(Beginning of Source data)
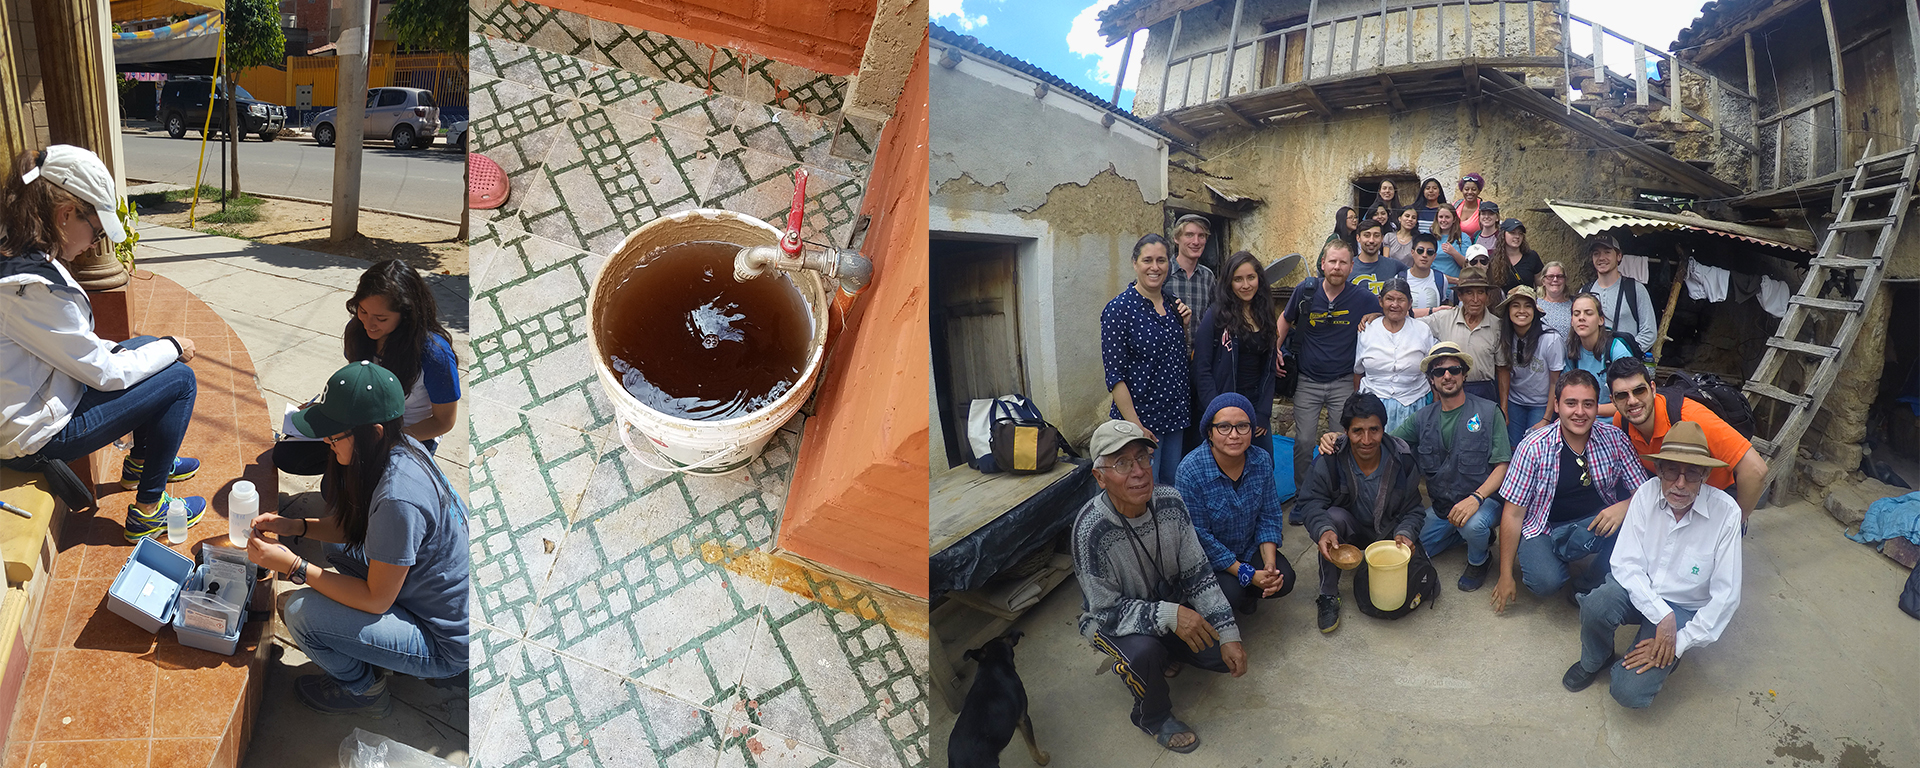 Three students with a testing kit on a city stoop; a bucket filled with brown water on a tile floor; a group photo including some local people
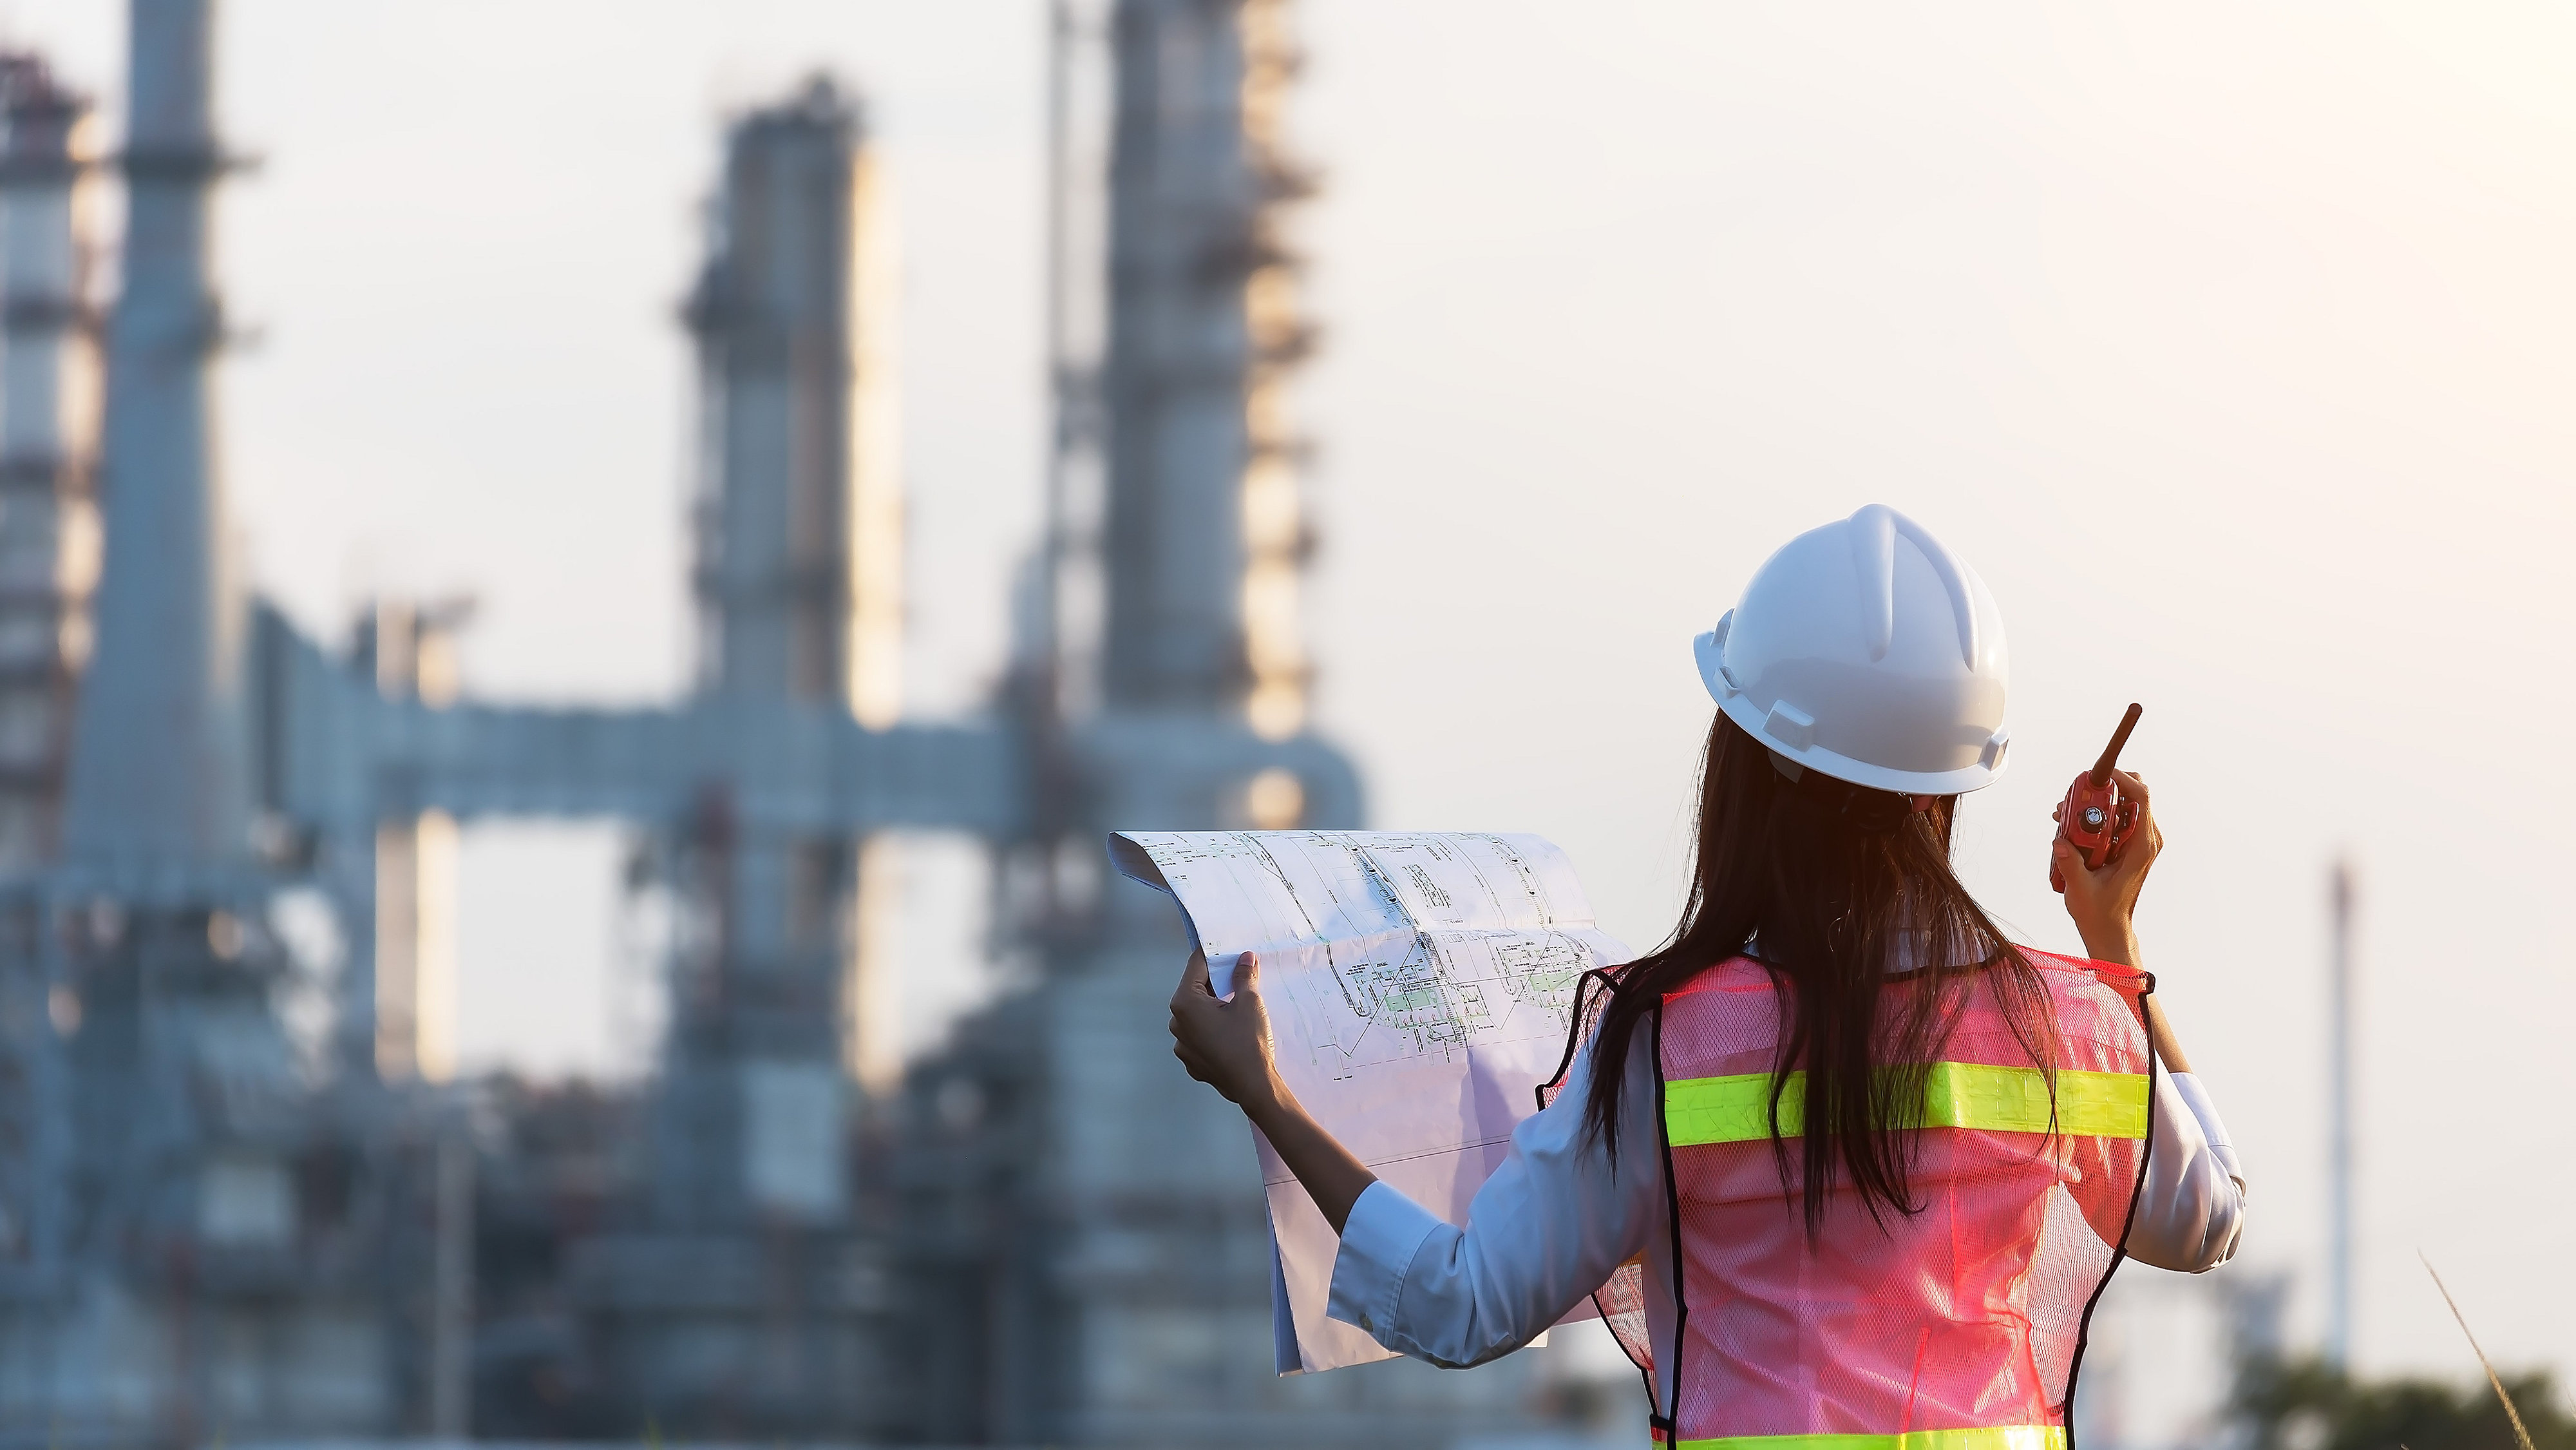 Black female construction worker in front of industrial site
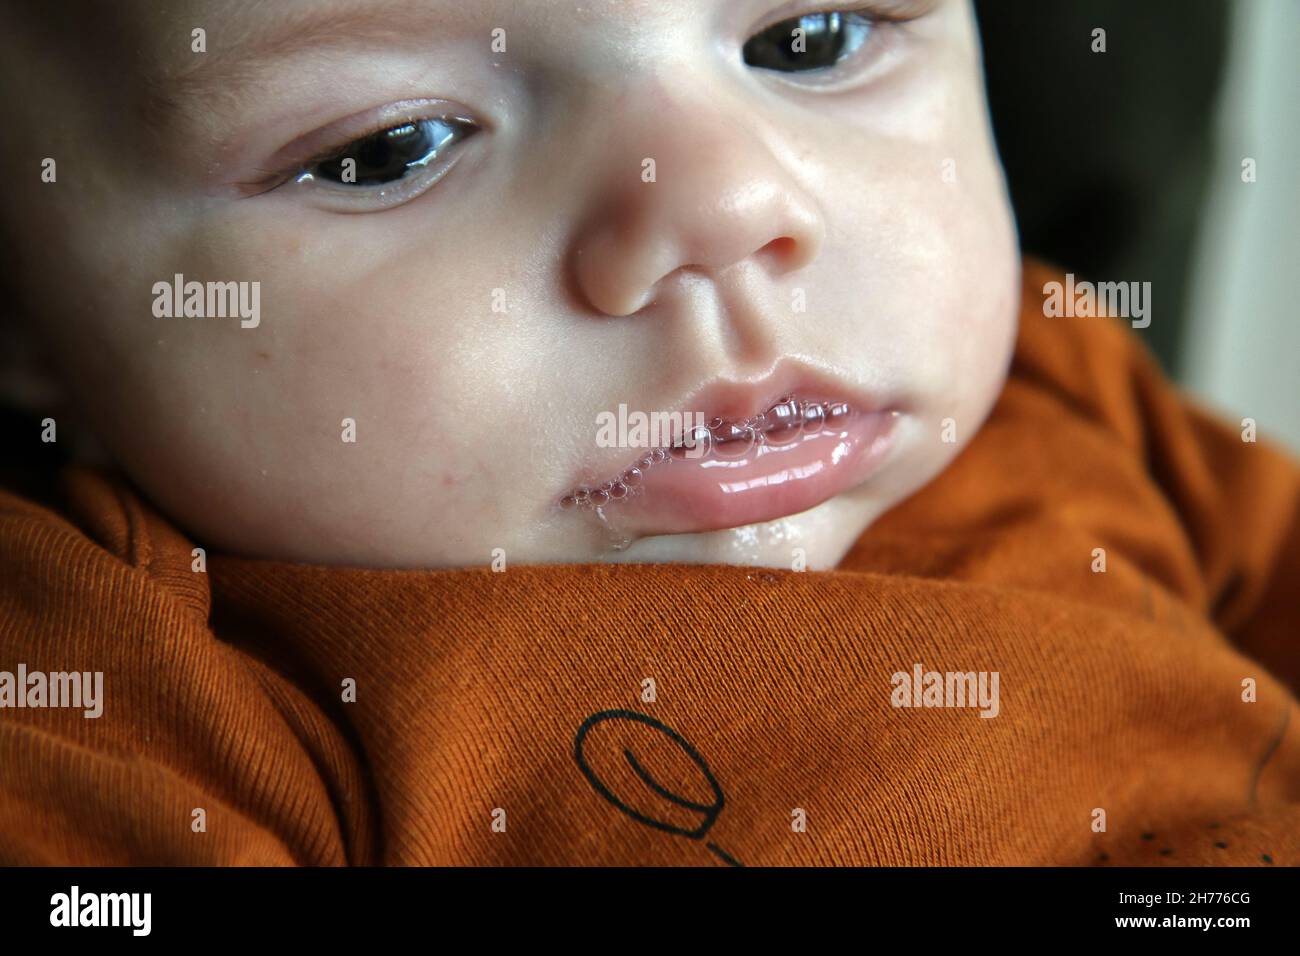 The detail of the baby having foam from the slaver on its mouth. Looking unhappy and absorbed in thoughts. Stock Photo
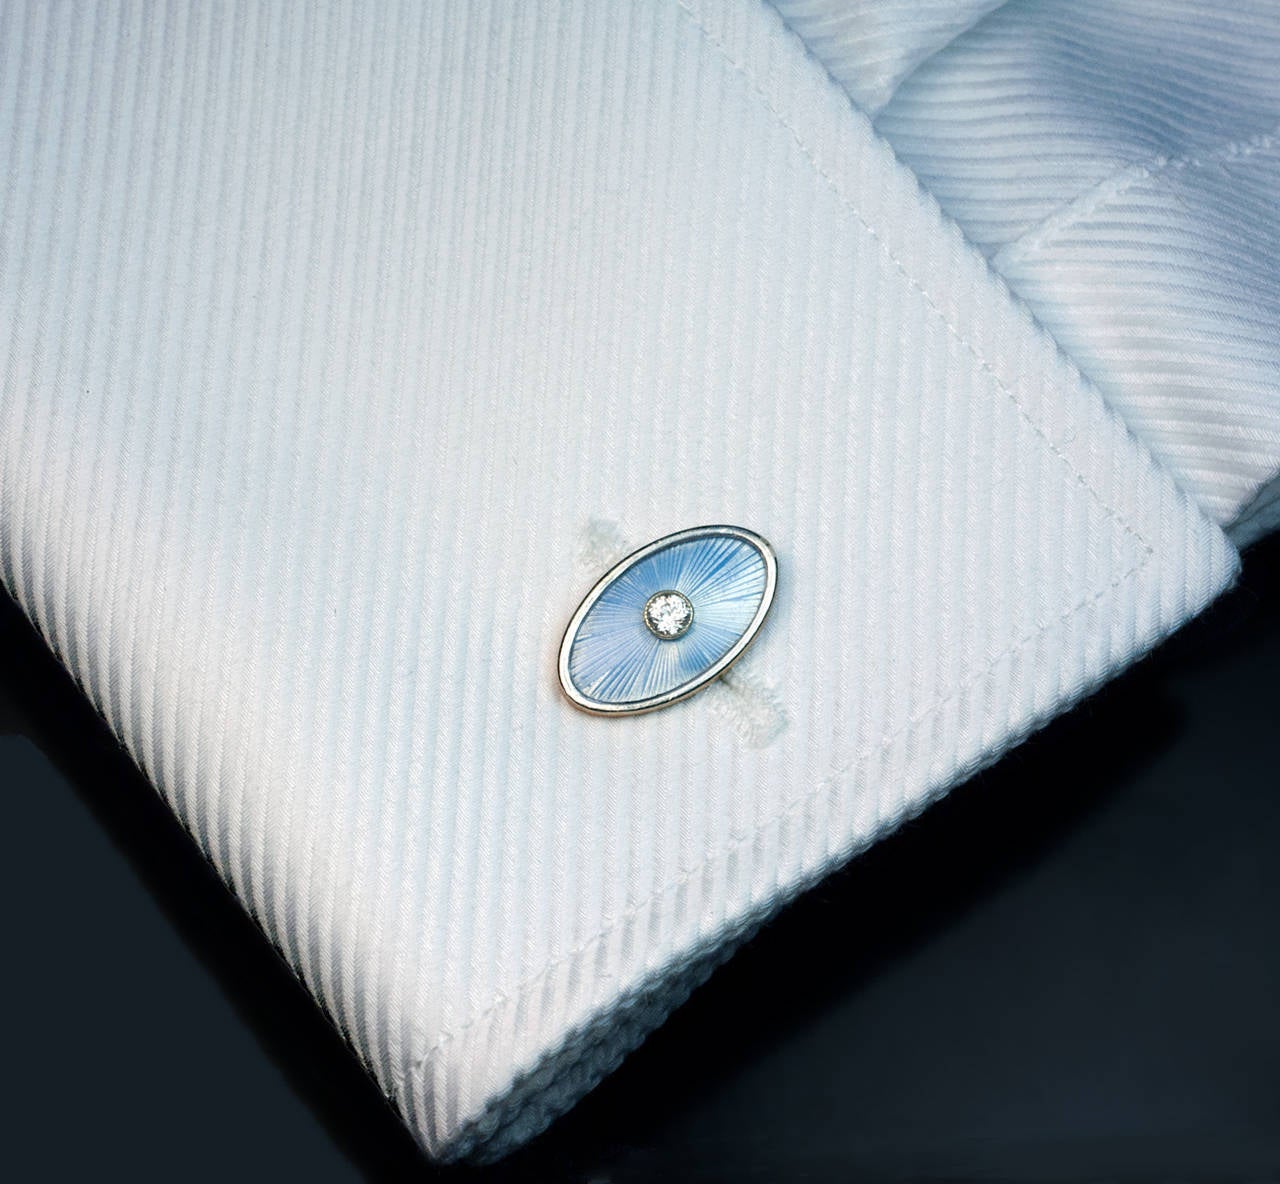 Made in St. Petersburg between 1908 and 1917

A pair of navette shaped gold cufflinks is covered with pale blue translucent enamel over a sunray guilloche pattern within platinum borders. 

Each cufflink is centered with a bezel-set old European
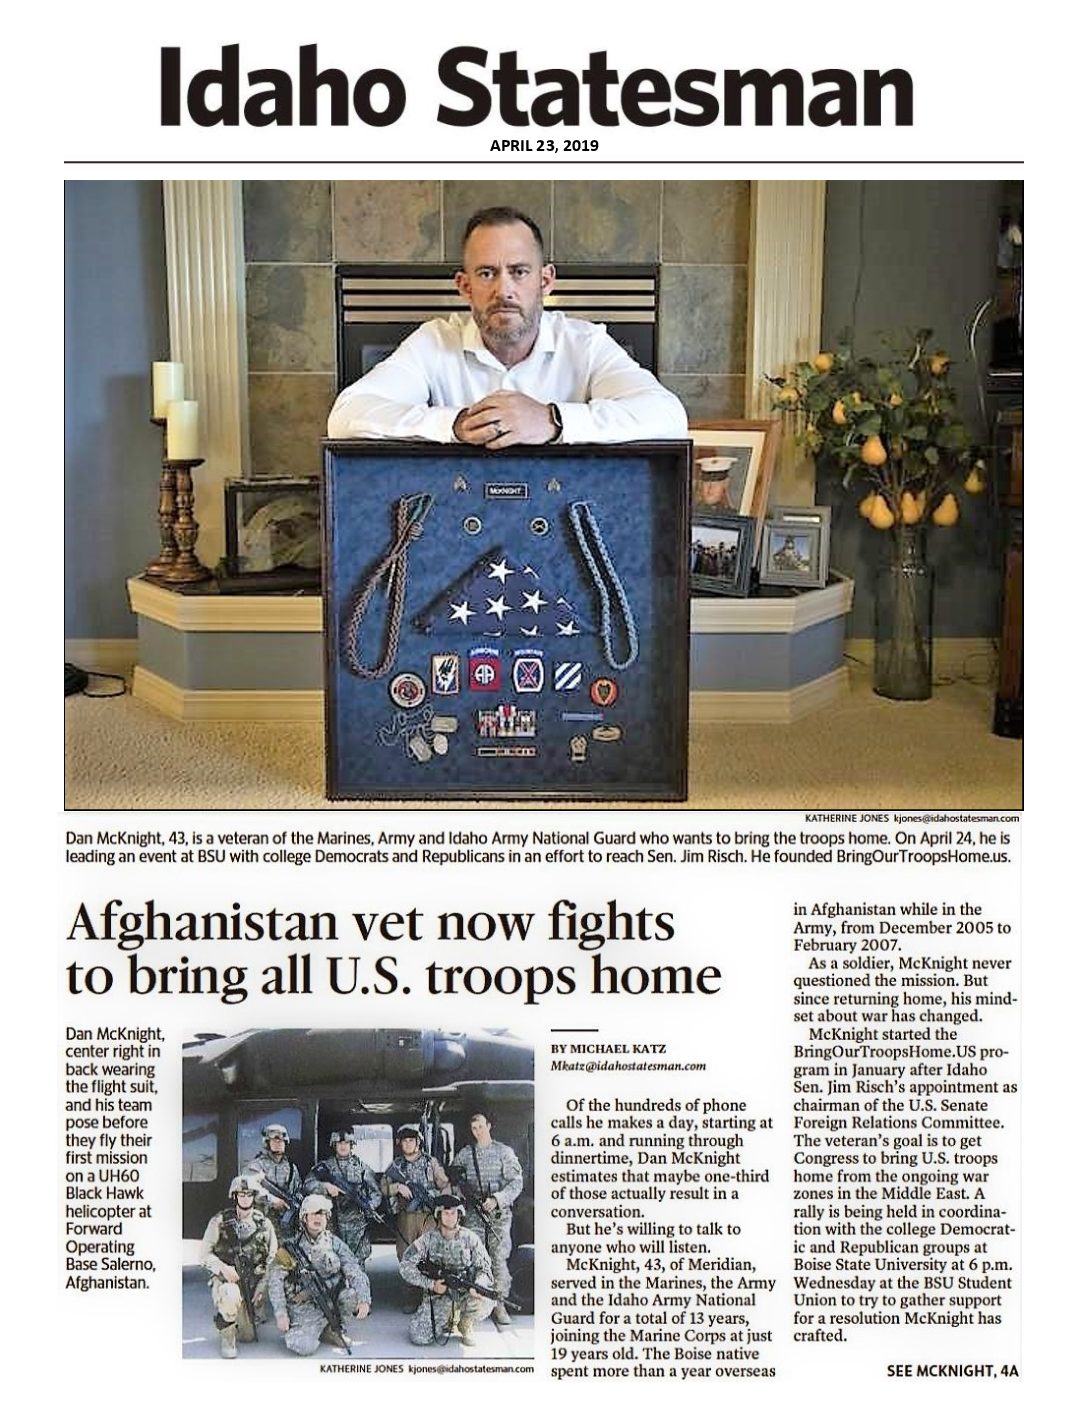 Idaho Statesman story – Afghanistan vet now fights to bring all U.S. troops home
(End of Source data)
- **What you should do**
Please write out all the entries above again exactly as they appear, skipping any images.

- **Answer section**
 Three students with a testing kit on a city stoop; a bucket filled with brown water on a tile floor; a group photo including some local people
 Black female construction worker in front of industrial site
 The detail of the baby having foam from the slaver on its mouth. Looking unhappy and absorbed in thoughts. Stock Photo
 Made in St. Petersburg between 1908 and 1917

A pair of navette shaped gold cufflinks is covered with pale blue translucent enamel over a sunray guilloche pattern within platinum borders. 

Each cufflink is centered with a bezel-set old European
 Idaho Statesman story – Afghanistan vet now fights to bring all U.S. troops home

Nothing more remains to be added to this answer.